Most transactional applications require multiple turns. For example, trading a stock or paying a credit card. Simpler applications require one or two turns. The more turns in a dialog, the more complex it tends to be to design.
URI
Uniform Resource Identifier. Generic term for all types of names and addresses that refer to objects on the Web.
URL
Uniform Resource Locator. Global address of documents and other resources on the Web. A URL is a kind of URI.
URN
Uniform Resource Name. A name that identifies a resource on the Internet. Unlike URLs, which use network addresses (domain, directory path, filename), URNs use regular words that are protocol- and location-independent.
Uniform Resource Names (URNs) are used in Mix to load a specific Mix resource, described in the application configuration.
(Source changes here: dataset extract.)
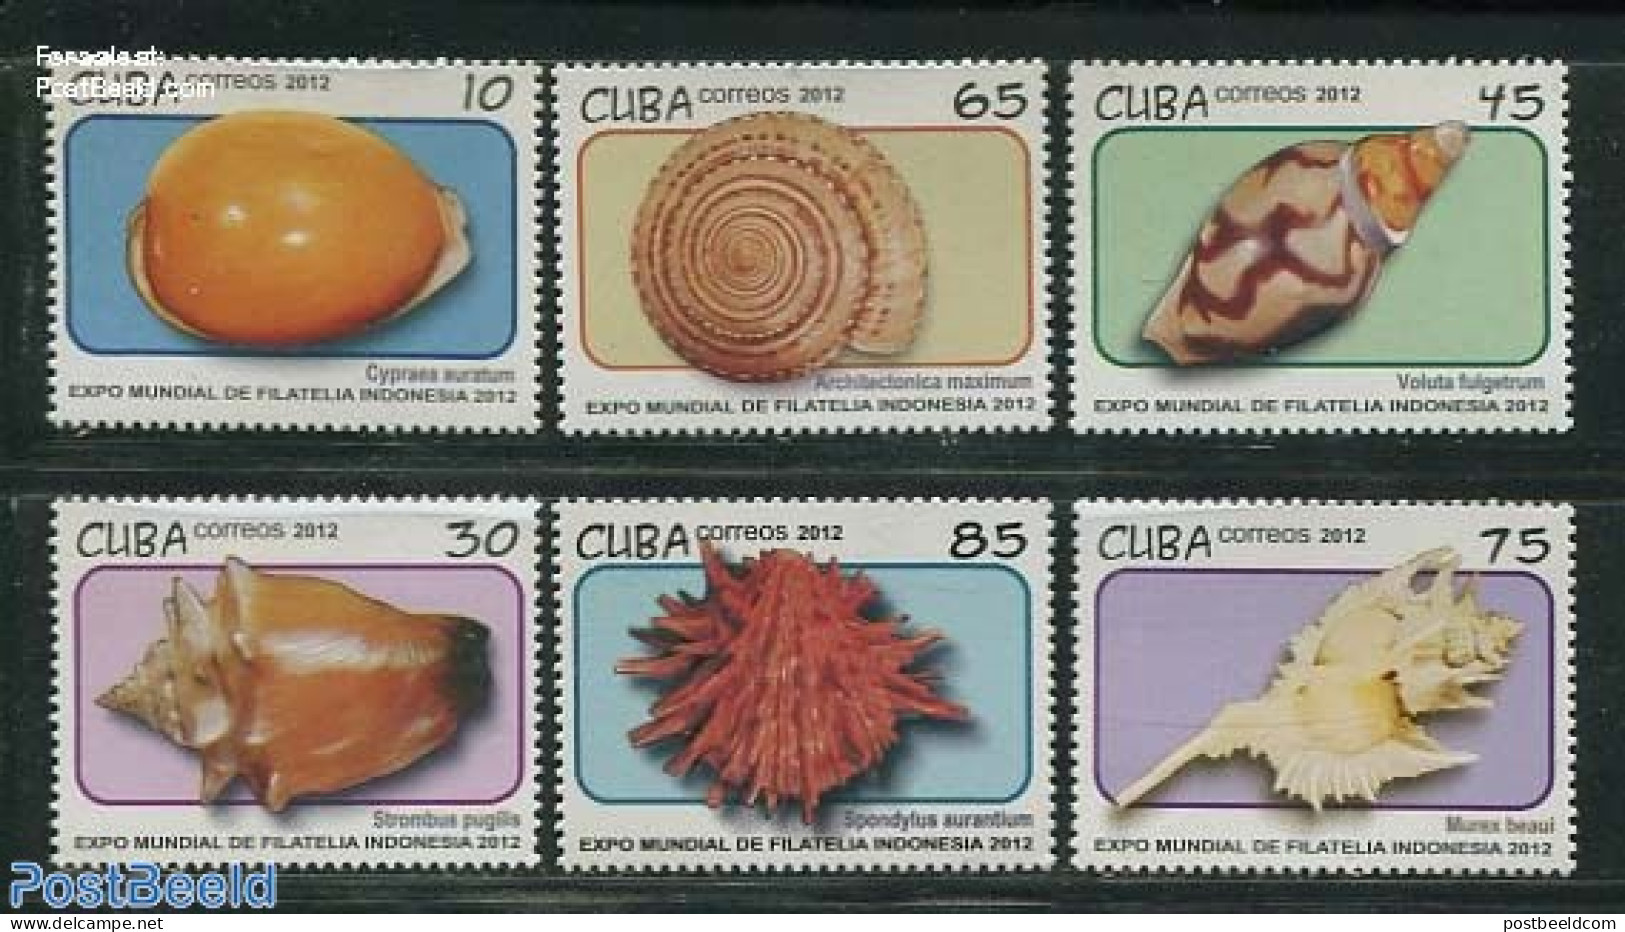 Cuba 2012 Shells 6v, Mint NH, Nature - Shells & Crustaceans - Nuevos

A URN helps the service determine how to parse the resources in a context tag.
See URN format.
utterance
Distinct chunk of caller speech, usually in response to a prompt, that is recognized using a specific active grammar. An utterance is referred to colloquially as an “utt.”
vocabulary
Set of words that can be understood as a part of an application. For example, both “cents” and “dollars” are in the vocabulary of the currency builtin, but these terms can only be said in particular locations in the phrase.
voice pack
A voice pack is the basic resource used by NVC to enable a text-to-speech persona. Each voice pack provides a male, female, or neutral voice for a particular locale (for example, Canadian French, American English, or Australian English).
W3C
The World Wide Web Consortium is the principal body that defines international standards for the World Wide Web (WWW).
webhook
Webhooks are POST requests sent to a web application when a specific event is triggered. For example, you can configure a webhook that will send a notification when a new application configuration tag is created or an application configuration is deployed.
For more information about using webhooks in Mix, see Configure webhooks.
WebSocket
WebSocket is a communications protocol that provides full-duplex communications channels over a single TCP connection.
weight
Weight values set the relative importance when processing speech input between the base language model in the data pack and specialization objects such as DLMs, builtins, and wordsets.
Weights apply to speech recognition only and have no impact on meaning extraction, so they are relevant to the Krypton recognition engine, but not to the NLU semantic understanding engine. Nuance Recognizer does not use weighted resources.
wordset
A wordset is a set of words and short phrases that customize the vocabulary by providing additional values.
In the Krypton recognition engine, wordsets provide additional terms for recognition, such as user names or local place names. Wordsets extend entities in a DLM.
In the NLU semantic engine, wordsets provide additional values for dynamic list entities in a semantic model.